Because we only have a small subset of the actual sequencing run, we should be able to run this alignment in a reasonable period of time
cd ~/WGS/trimmedData/fastq
bwa mem -t 4 ~/WGS/Celegans_chrI SRR2003569_sub_1.fastq.gz SRR2003569_sub_2.fastq.gz | samtools view -bhS -F4 -> SRR2003569_chI.bam
Let’s break down this command a little. The first part of the command:
bwa mem -t 4 ~/WGS/Celegans_chrI SRR2003569_sub_1.fastq.gz SRR2003569_sub_2.fastq.gz
will align our compressed sequenced reads to the Celegans_chrI bwa
index that we made. Usually you can create a SAM file (see next section) to store all the alignment data. SAM files however are text files which can take up a significant amount of disk space, so its much more efficient to pipe it to the samtools
command and create a compressed binary SAM file (called BAM). To do this, we run the program samtools
:
samtools view -bhS - > SRR2003569_chI.bam
In this context, samtools
view is the general command that allows the conversion of the SAM to BAM. There is another more compressed version of the SAM file, called CRAM, which you can also create using samtools
view. However, we will not use that today.
Note: By using the -t 4
parameter, we can take advantage of modern computers that allow multi-threading or parallelisation. This just means that the command can be broken up into 4 chunks and run in parallel, speeding up the process. Check you computers system settings, but you should be able to use at least 2 or 4 threads to run this alignment!

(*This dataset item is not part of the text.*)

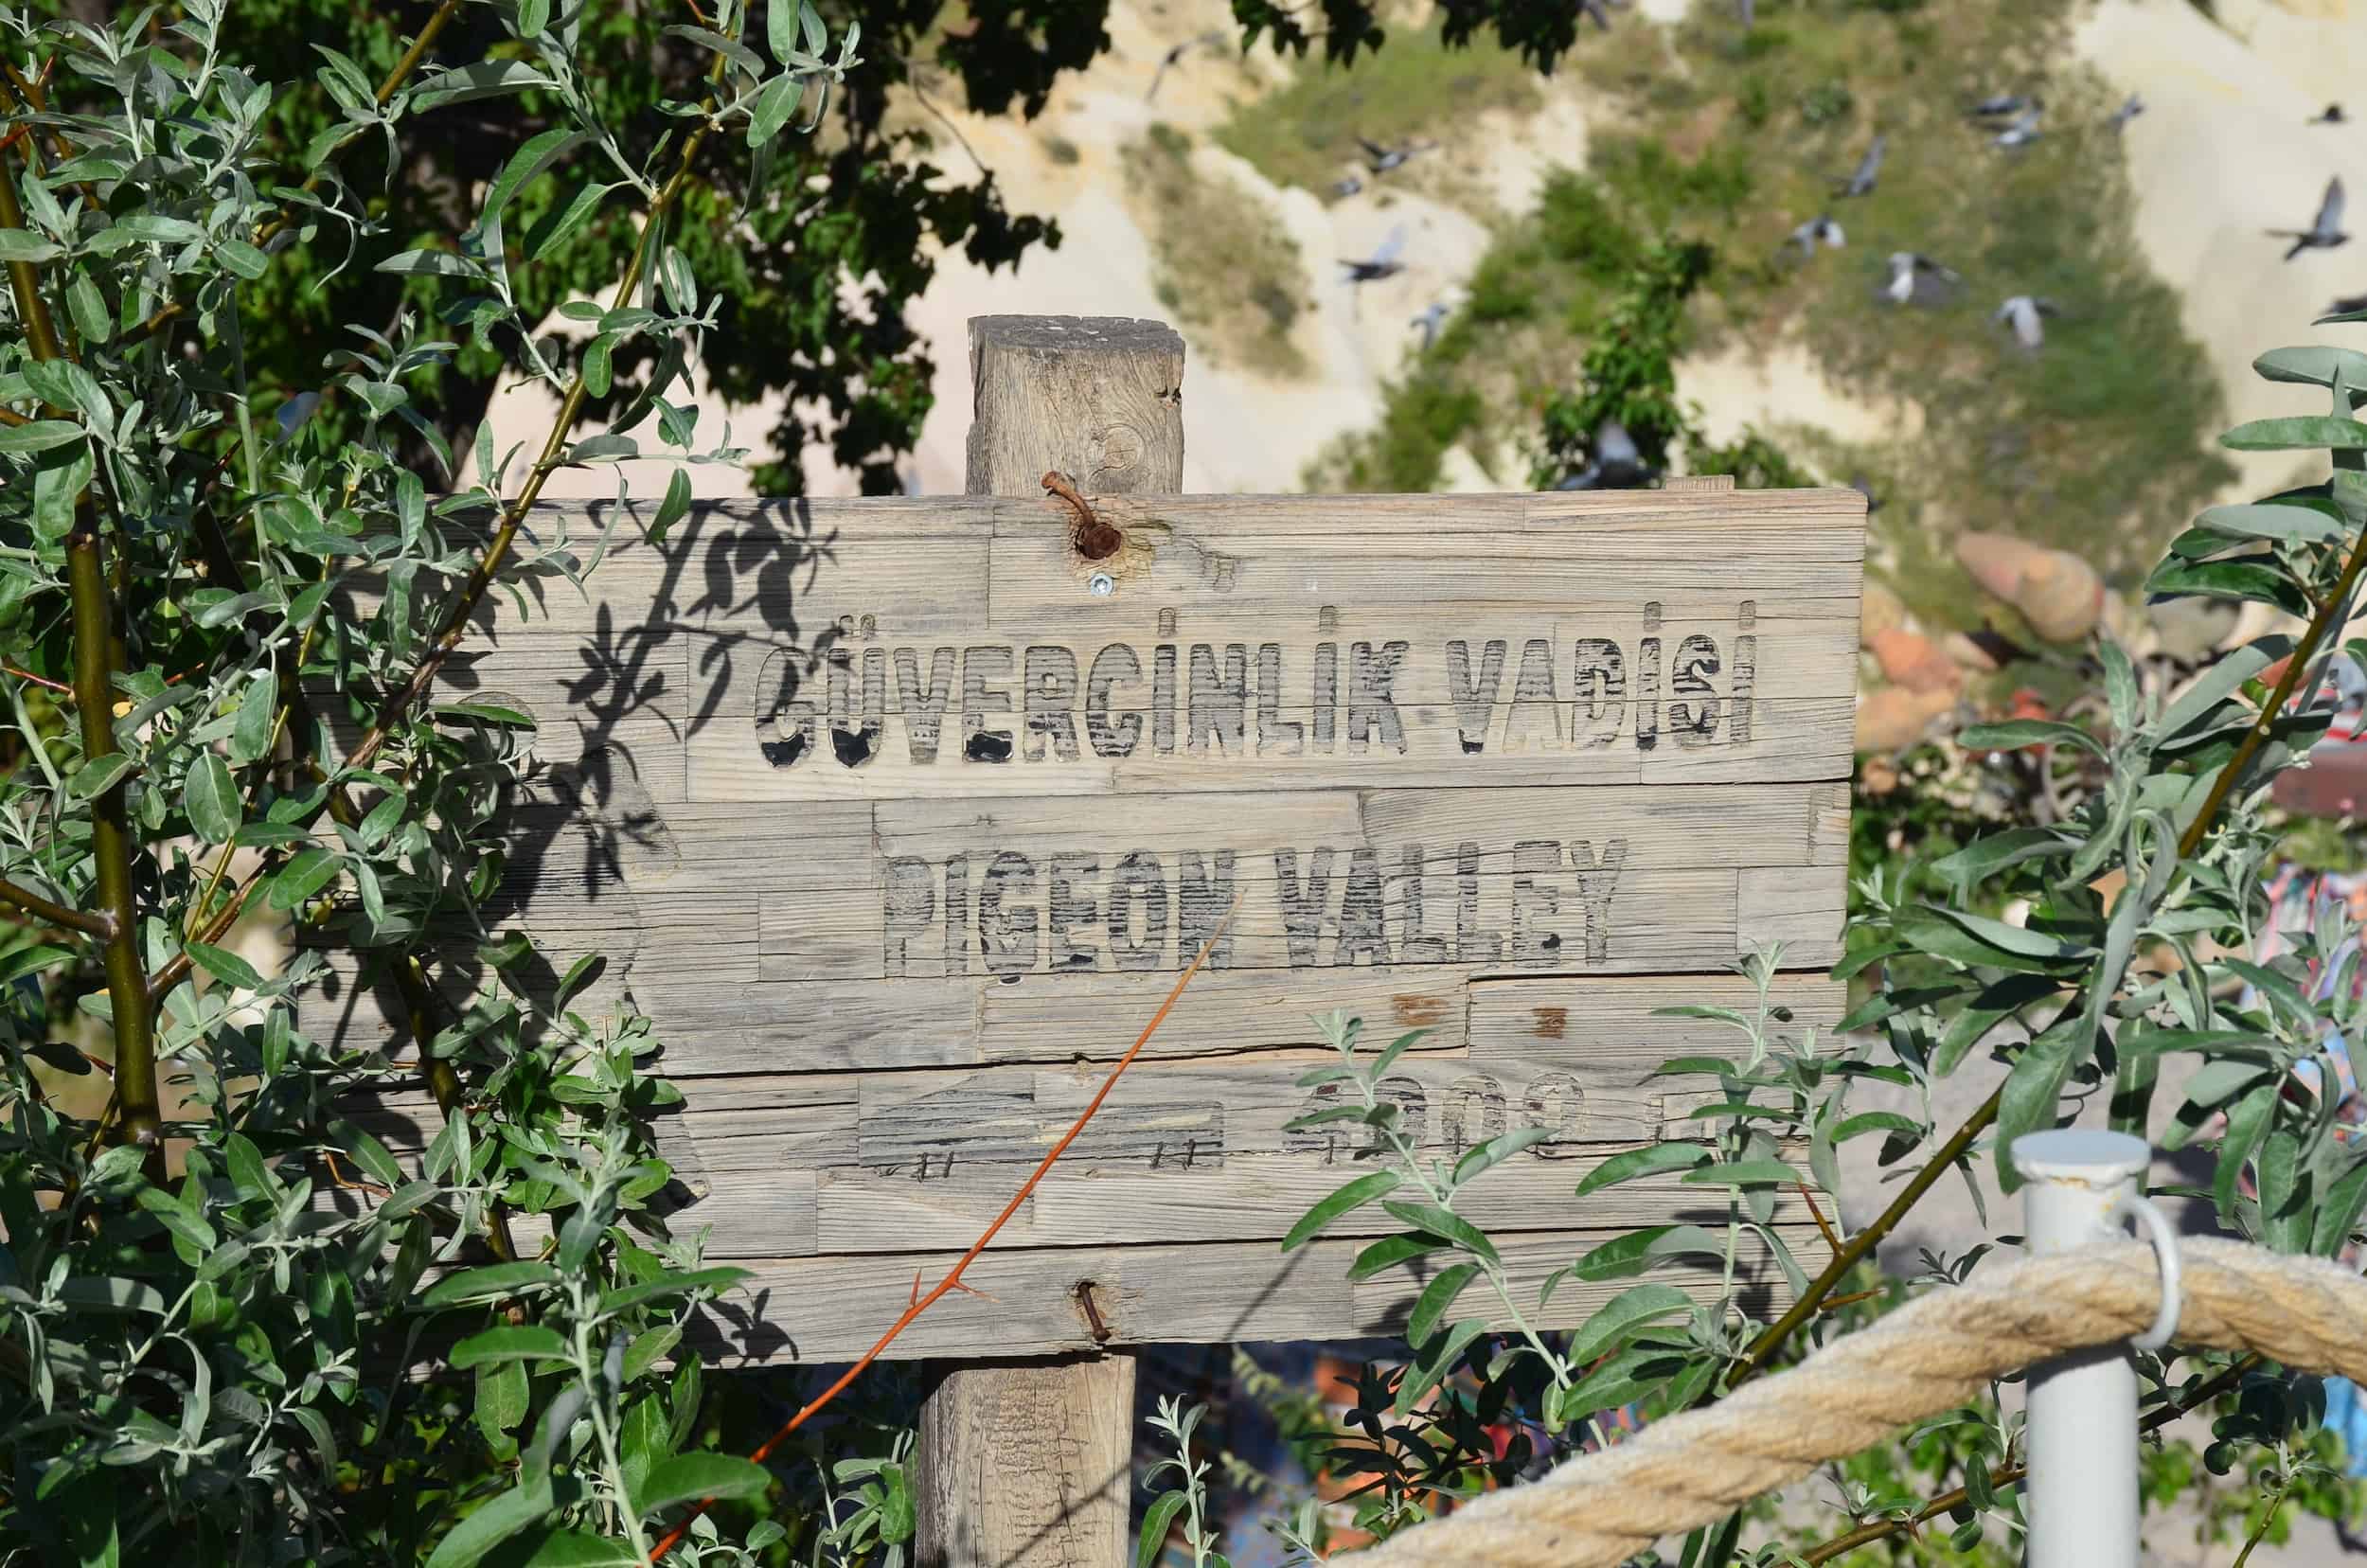 Pigeon Valley

To find out information on your resulting alignment you can samtools
:
samtools stats SRR2003569_chI.bam
This is basically the same as another command samtools flagstat
, but it gives additional information.
How many reads aligned to our genome?
How many reads aligned as a pair?
What information does samtools stats
provide that samtools flagstat
does not?
How many aligned as a “proper” pair? ..what the hell is a proper pair anyway??
A common tool used for viewing alignments is IGV browser. Before we can view the alignments we need to sort and index the alignments.
samtools sort SRR2003569_chI.bam > SRR2003569_chI.sorted.bam
samtools index SRR2003569_chI.sorted.bam
Now we can open IGV by entering igv
in the terminal.
If you have logged into a VM using ssh -X
, this will open on your local machine in a new window which may take a moment or two.
igv
Once you’ve opened IGV, go to the Genomes
menu & select Load genome from file
.
Navigate to where you have chrI.fa
and load this file.
Although this isn’t the full genome, it will have everything we’ve aligned.
Now go to the File
menu and select Load from File
and navigate to your alignments.
Unfortunately you won’t see anything until you zoom in.
This is so IGV doesn’t hold the entire set of alignments in memory which would slow your computer to a stand-still.
Keep zooming in until some alignments appear then have a look around.
What does all of the information mean when you hover over an alignment?
We’ll come back and have a look again after we’ve finished calling variants.